Edit: also, if you think about the YC acceptance rate vs the VC acceptance
rate in terms of attempts to money, then it is interesting that VCs consider
YC a filter. IIRC, YC has a higher acceptance rate than most top-tier VCs.
Note that i probably don't remember correctly ;)

------
brudgers
_"There are lots of tech companies that are very successful but don’t fit the
VC model. If they don’t raise VC, the founders can make money, create jobs,
and work on something they love."_

e.g. Microsoft

------
adventureful
His billion dollar marker is drastically high. He has been living in dotcom
fantasy land for far too long.

There's no reason you can't raise $250k for 25% from an angel investor, to
build a $10 or $20 million business. That's a helluva result to put it mildly.
You know, building an actual business that produces actual profits, not
vaporware built-to-flip companies that produce nothing and only exist in a
tiny corner of the economy.

The stock market hasn't moved in real terms in 13 years or so. Interest rates
are on the floor. Any investor outside the big VC game would kill for a 10 or
20 fold return over 10 or 20 years. There's a beautiful thing called
dividends, which a successful business can pay to its owners. Dixon doesn't
seem to know anything about that however, as his assumed scenarios require the
big exit and ignore any other possibilities.
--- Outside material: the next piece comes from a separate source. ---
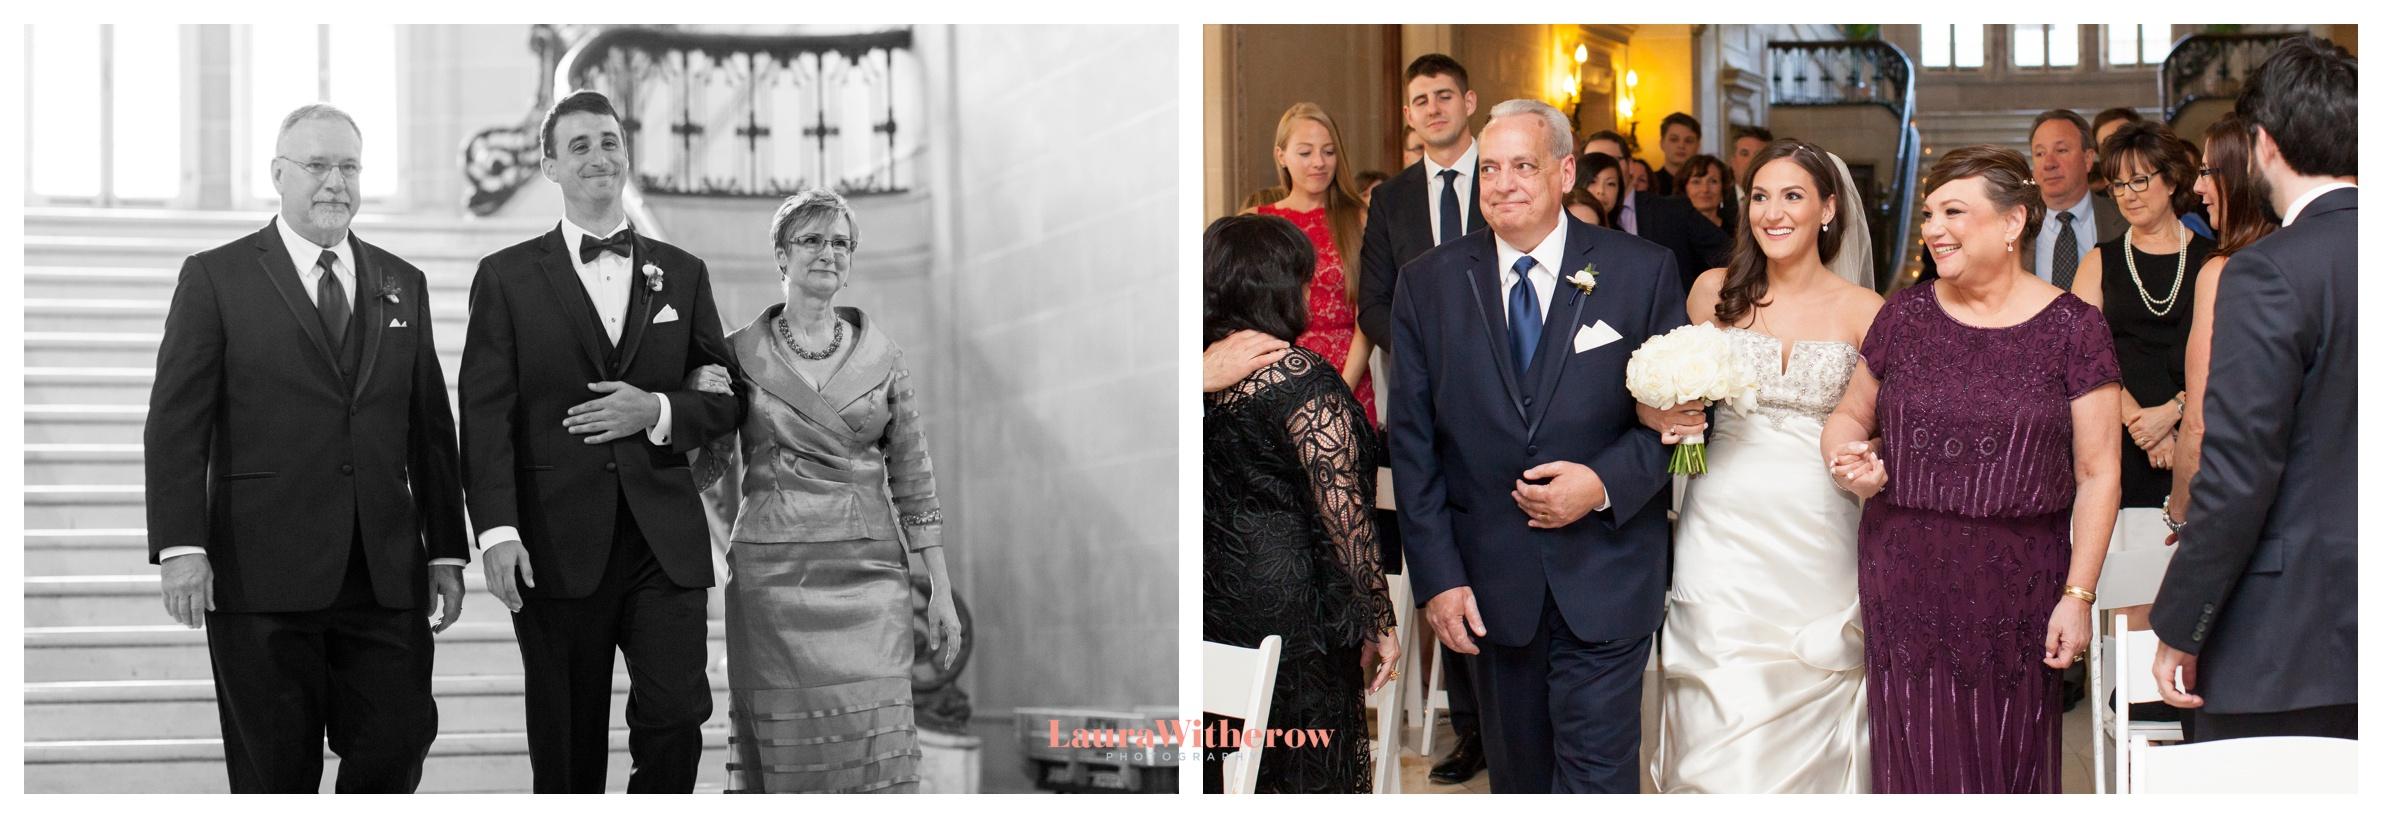 ceremony-armour-house-wedding-photographer

If you take $250k, and you build a $10 or $20 million valuation business, it's
not difficult to kick off a very nice dividend to the investor that provides a
stellar return on their capital. AND if you ever choose to sell, said investor
also gets their big exit as well. You can also buy their stock back at the
higher valuation and they get their exit that way. These types of results are
common in the real economy, but not so common in the fantasy dotcom economy.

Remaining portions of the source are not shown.